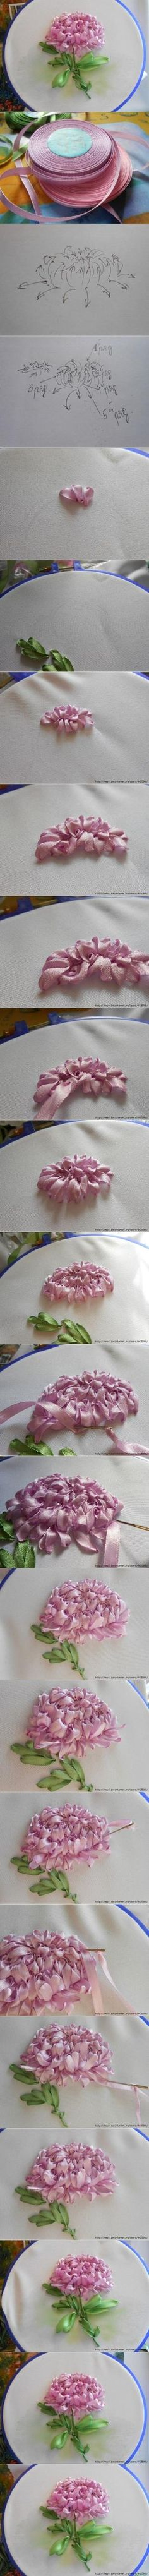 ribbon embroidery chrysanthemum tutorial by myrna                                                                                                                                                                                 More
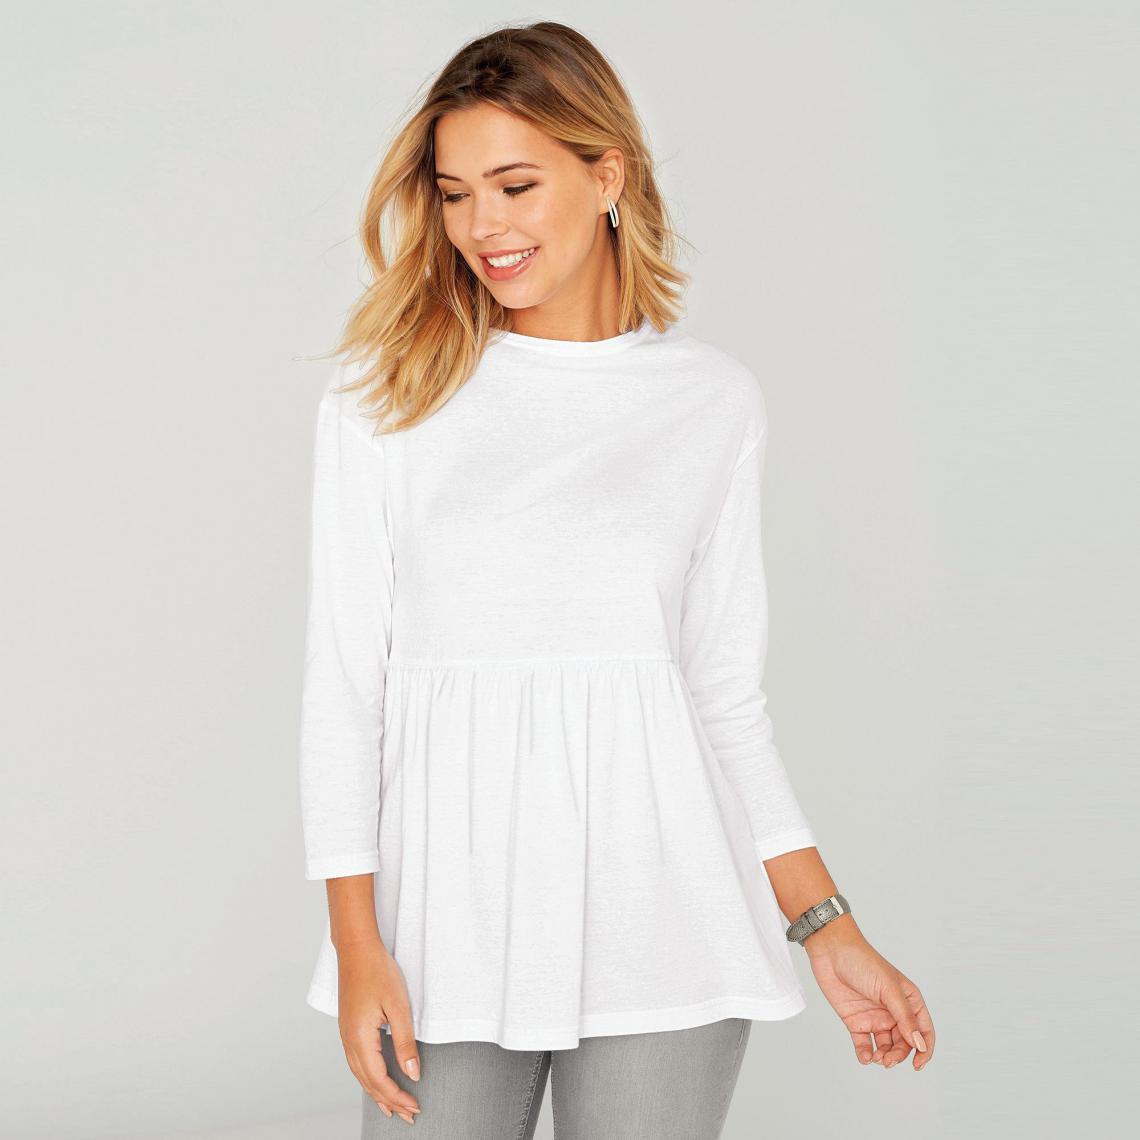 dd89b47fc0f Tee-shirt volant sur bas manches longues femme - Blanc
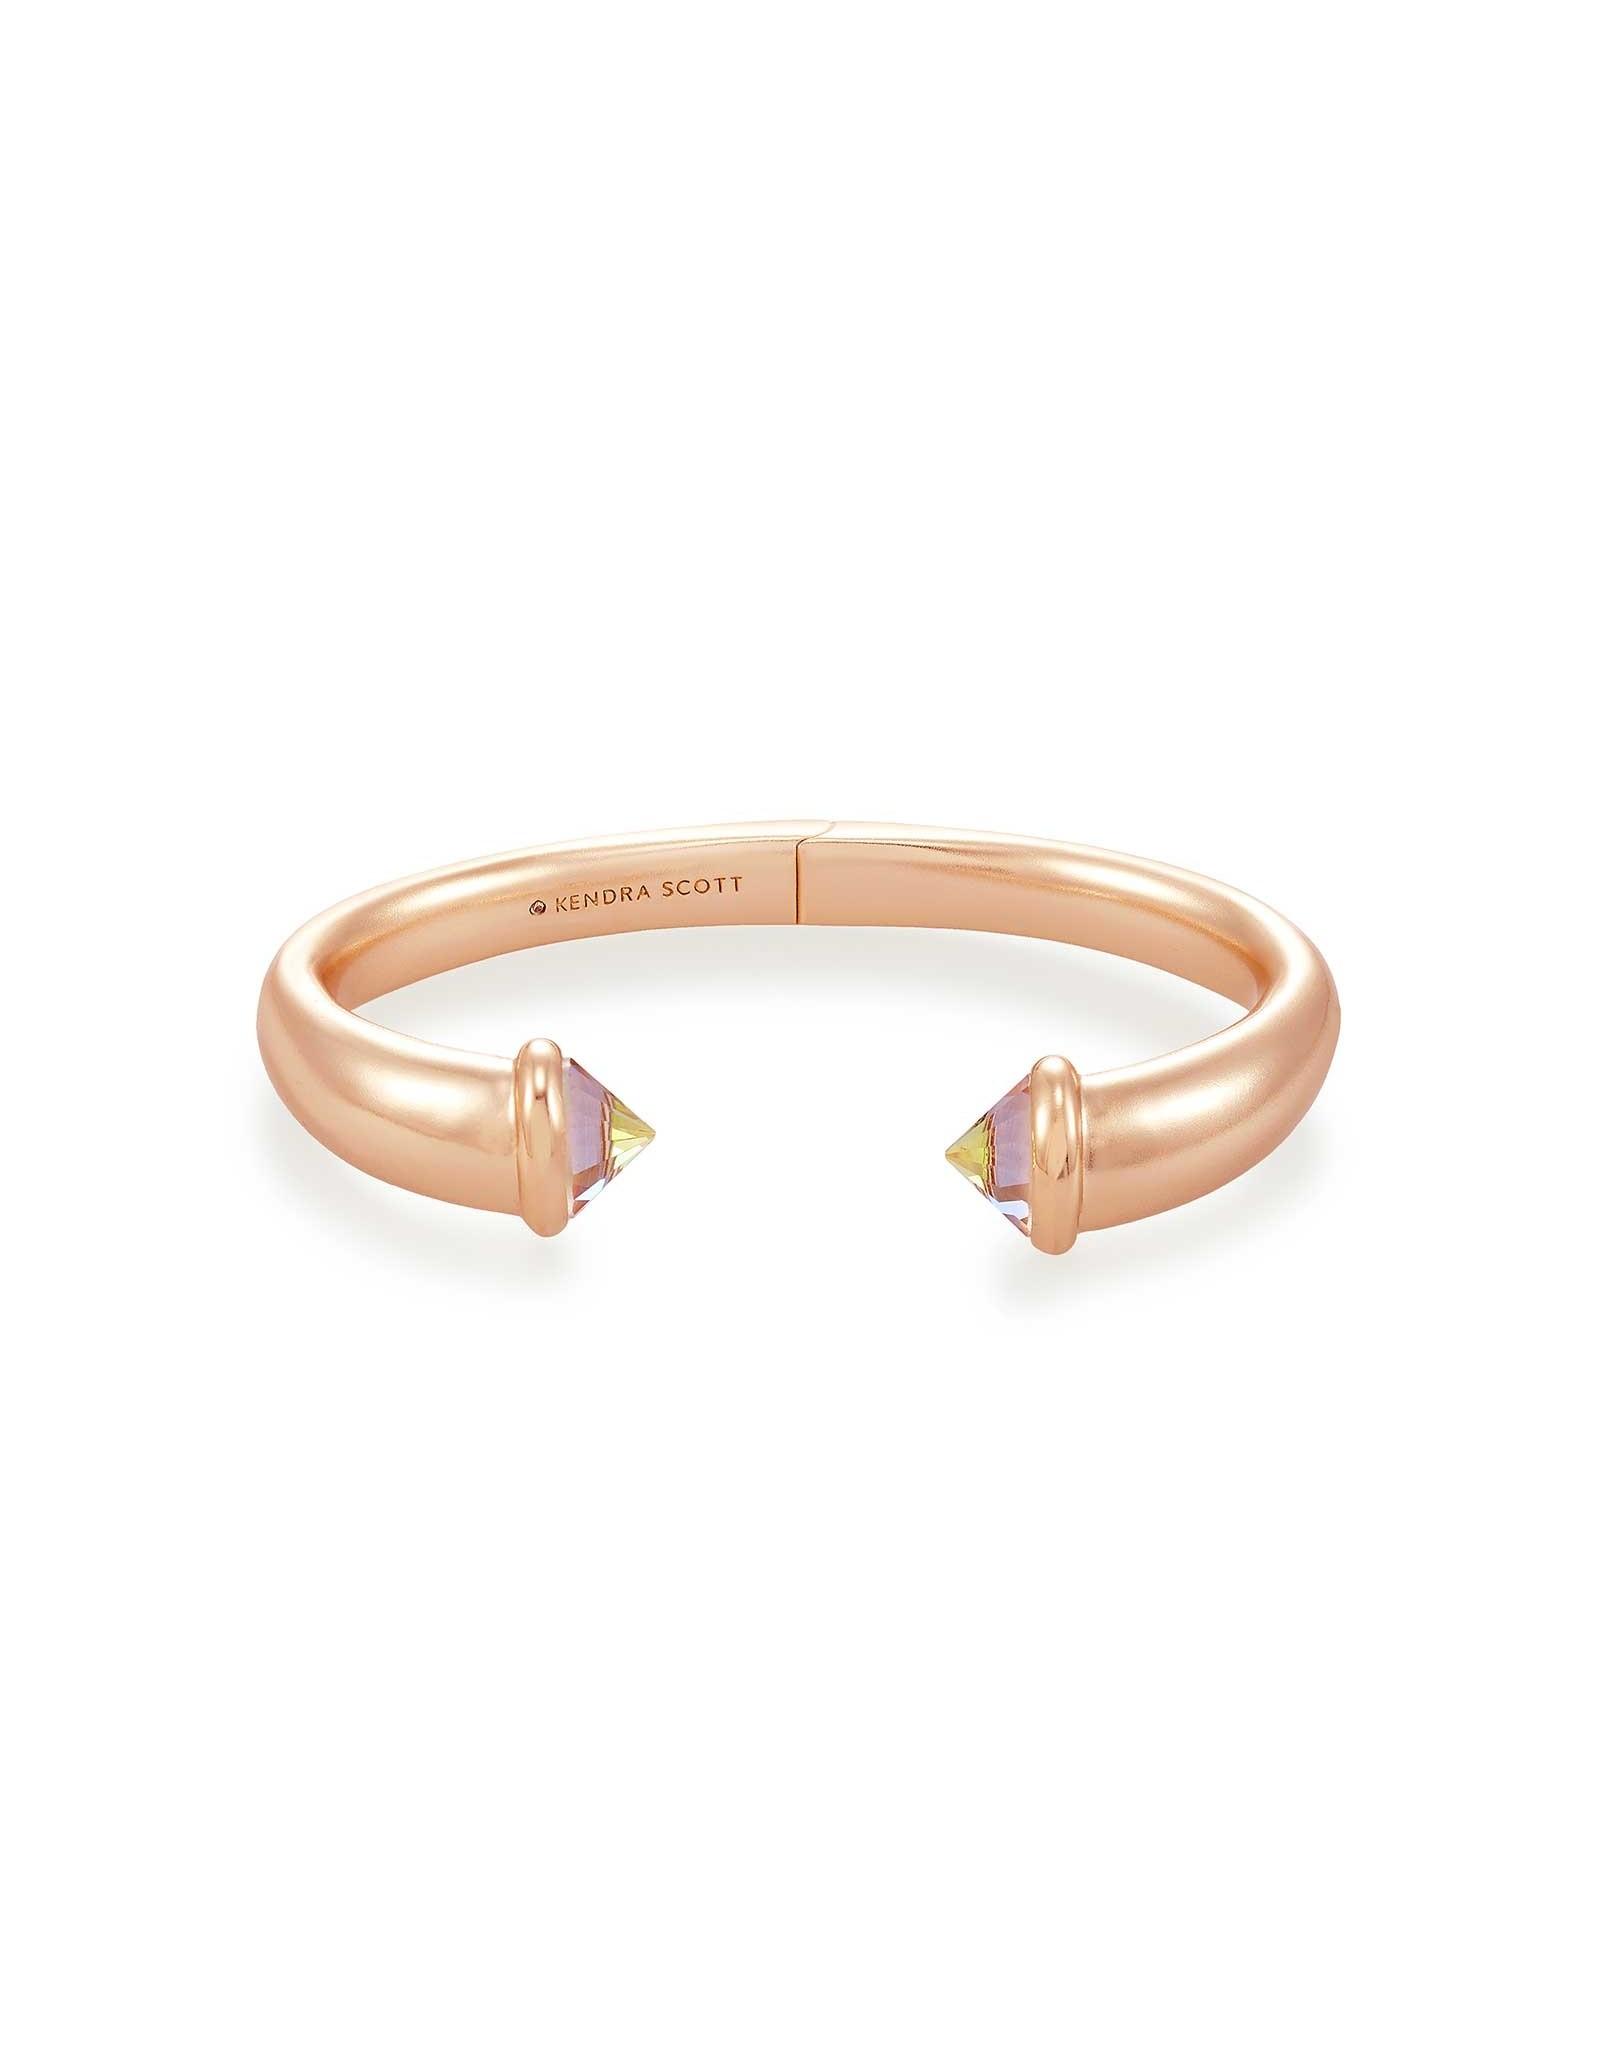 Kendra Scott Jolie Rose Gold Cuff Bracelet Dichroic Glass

⁂

■ **Exercise goal**
In the data, the line that contains "dd89b47fc0f Tee-shirt volant" begins the part to write out; restate it and each line after it word for word through the end, with no pictures.

■ **Task output**
 dd89b47fc0f Tee-shirt volant sur bas manches longues femme - Blanc
 Kendra Scott Jolie Rose Gold Cuff Bracelet Dichroic Glass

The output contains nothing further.